More recently, the sentence-reading study in English by Kuperman and Van Dyke (2011; Figure 6 in that article) compared relative contributions of word length and frequency and two individual-differences measures (rapid automatized letter naming and word identification). The comparison of standardized regression coefficients associated with these predictors in the generalized linear mixed-effects models revealed that measures of individual variability overshadowed contributions of lexical factors at early processing stages (first and single fixation duration) and were stronger predictors than lexical frequency across the entire eye-movement record. The effect of word length dominated in the cumulative measures (second pass duration and total reading time). Finally, von der Malsburg, Kliegl, and Vasishth (2016) carried out analyses of scanpaths on the Potsdam Sentence Corpus and investigated how variation in readers’ age would interact with word length and measures of syntactic processing effort (i.e., surprisal and retrieval cost). The finding that older readers showed a smaller effect of syntactic processing difficulty was interpreted as indicating an age-associated shift in reading strategies that is driven less by syntax and more by world and discourse knowledge. Taken together, this body of work made the first step toward disentangling contributions of a selected group of text- and reader-level variables and their distribution over time, thus providing benchmark data for empirical research and computational modeling.

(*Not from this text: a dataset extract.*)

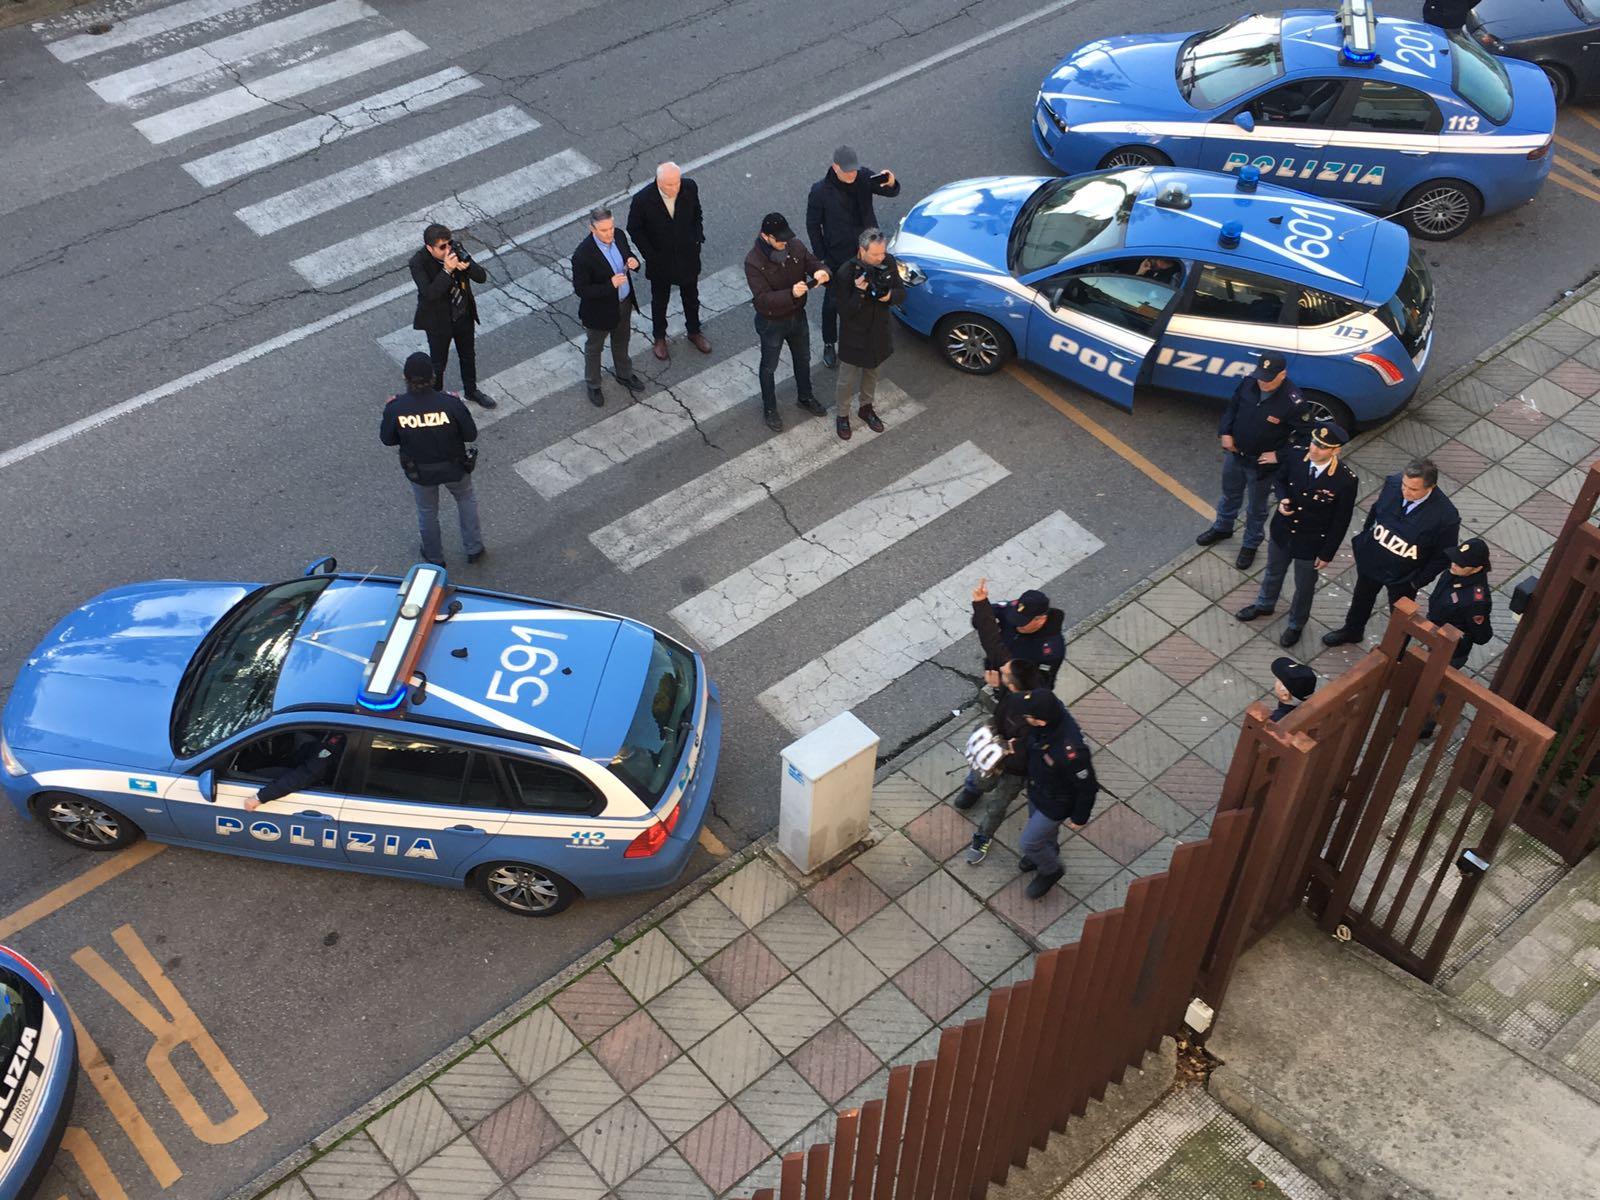 Traffico di droga, estorsione e rapina, 7 arresti tra Castrovillari e Rossano

The current paper furthers this line of empirical research by reporting the relative importance of a large number of the text-level and reader-level variables over the full time-course of reading measures. We depart from the earlier studies in three crucial ways. First, we adopt the practice common in educational psychology and applied linguistics of assessing verbal, cognitive, and psychophysical skills via a comprehensive battery of standardized skill assessments (see Kuperman & Van Dyke, 2011 for motivation). This allows for a more precise pinpointing of the specific cognitive or linguistic skills that underlie reading behaviors at specific points in a text. For example, we can ask whether phonological awareness, syntactic ability, or working memory is most critical for explaining variance in particular eye-movement measures and for particular linguistic material. Connecting this reader-level variability to specific skills supports a more refined account of the factors that drive the “where” and “when” parameters of eye-movements during reading.

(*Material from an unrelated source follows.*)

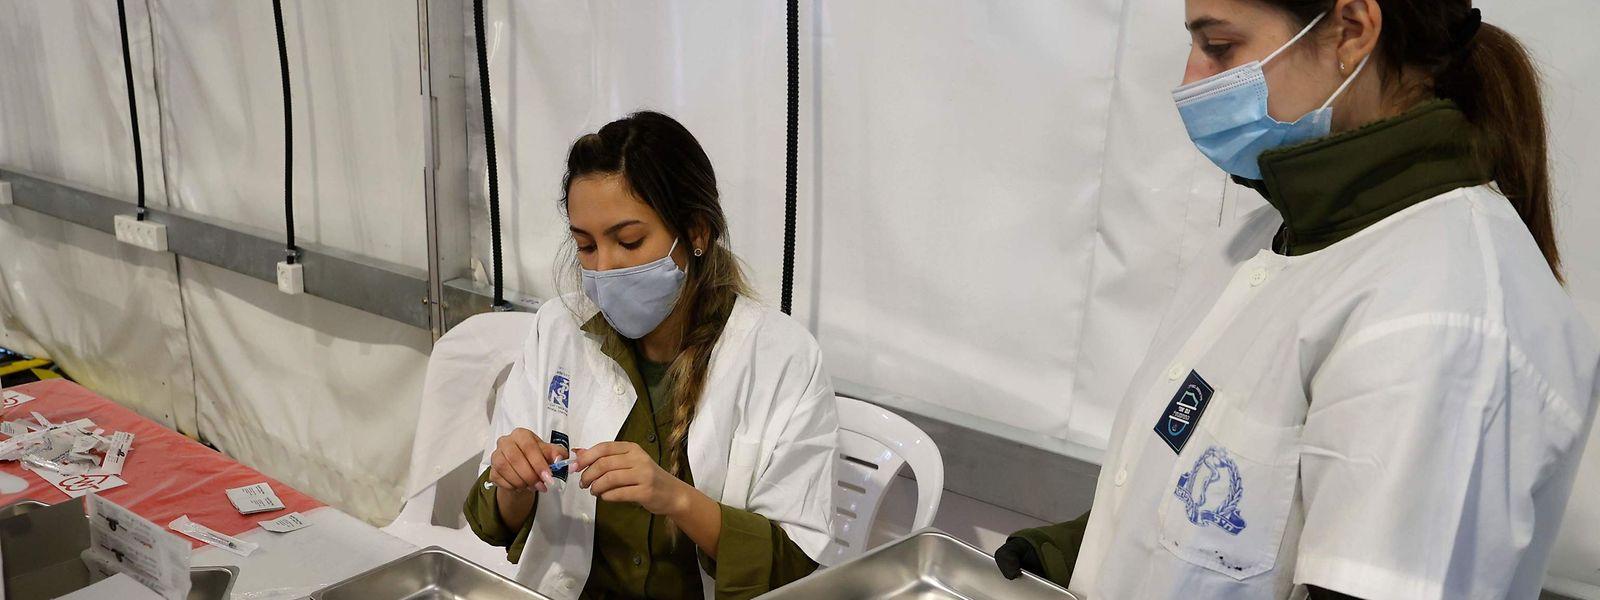 Israel führt die weltweite Impfstatistik derzeit an.

Our second departure from previous work is to employ full texts with increasing lexical, syntactic and discourse-level complexity. This is an advance from previous work which has almost exclusively examined sentence-only reading, and is important because eye-movements while reading sentences embedded in paragraphs have been shown to differ from those associated with reading the same sentences in isolation (e.g., Radach, Huestegge, & Reilly, 2008; Wochna & Juhasz, 2013). In particular, typographic cues such as line-breaks and screen/page boundaries invoke semantic integration processes even when these do not coincide with clause boundaries (Al-Zanoon, Dambacher, & Kuperman, 2016; Kuperman, Dambacher, Nuthmann, & Kliegl, 2010; LaVasseur et al., 2006). Thus, the use of full texts allows for a more ecologically valid assessment of eye-movements, together with the reader characteristics that drive them.

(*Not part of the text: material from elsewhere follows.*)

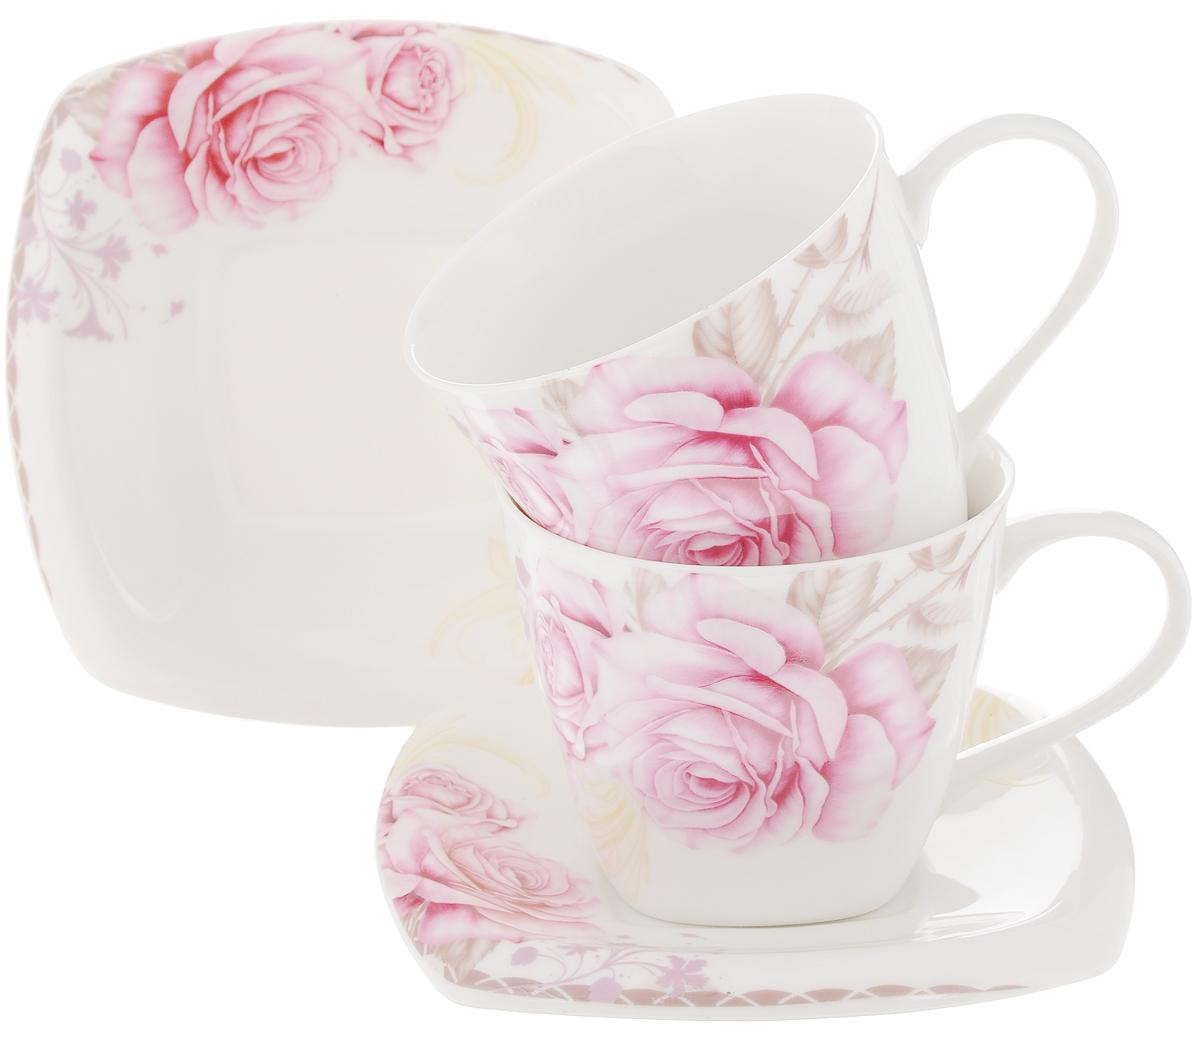 Набор чайный Patricia Розовые розы, 4 предмета115610Чайный набор Patricia Розовые розы, выполненный из высококачественного фарфора, состоит из 2 чашек и 2 блюдец. Предметы набора декорированы изысканным изображением роз. Изделия прекрасно подойдут как для повседневного использования, так и для праздников. Набор Patricia Розовые розы - это не только яркий и полезный подарок для родных и близких, но и великолепное дизайнерское решение для вашей кухни или столовой. Набор имеет подарочную упаковку, задрапированную белой атласной тканью. Можно мыть в посудомоечной машине и использовать в микроволновой печи. Объем чашки: 220 мл. Диаметр чашки (по верхнему краю): 8,5 см. Высота чашки: 7,2 см. Размер блюдца: 13 х 13 см.Высота блюдца: 1,9 см.

Finally, the complexity of this dataset, with its multiple assessments of reader skill and multiple variables indexing text complexity surpasses previous work, but at the same time represents a challenge for traditional analysis methods. Classical techniques (such as generalized linear regression) work well in “low-dimensional” scenarios, where the number of observations (n) is much greater than the number of variables (p) in a given data set. In cases where the situation is reversed and p is much greater than n (“high-dimensional” scenarios), classical techniques will fail either due to model overfitting or not having enough degrees of freedom. The Random Forests method, a non-parametric regression technique (Strobl, Malley, & Tutz, 2009) based on principles from machine learning, enables us to retain the descriptive advantage provided by our multiple skill assessments with a sample size typical of laboratory-based eye-movement studies. Rather than being forced to resort to data-compression methods such as the principal components or factor analysis, where the separability of various skills may become overshadowed by their common verbal core, this method allows us to evaluate the importance of each skill assessment individually. This will shed light on the relative contributions of linguistic and cognitive skills as well as maintain distinctions important for reading instruction (cf. Rayner, Foorman, Perfetti, Pesetsky, & Seidenberg, 2001). Thus, our use of this method in the current study has the added benefit of demonstrating its utility for examination of individual differences.
The Random Forests method differs from traditional techniques in that it is an atheoretical, data-driven method (see Matsuki et al., 2016, for further comparisons with linear regression methods.) We view this as an important advantage, in that it opens the possibility of discovering novel effects and interactions that might be overlooked in studies with a more narrow theoretical focus, or which incorporate only a small number of factors. In so doing, we introduce a method that responds to Tukey’s (1977) argument that the confirmatory hypothesis-testing aspect of statistical data analysis is incomplete and often misguided without the equally worthwhile and complementary effort of using data to suggest hypotheses to test. Our hope is that this study will serve as a model for the wider application of the Random Forests method as a means of generating hypotheses in psychological science.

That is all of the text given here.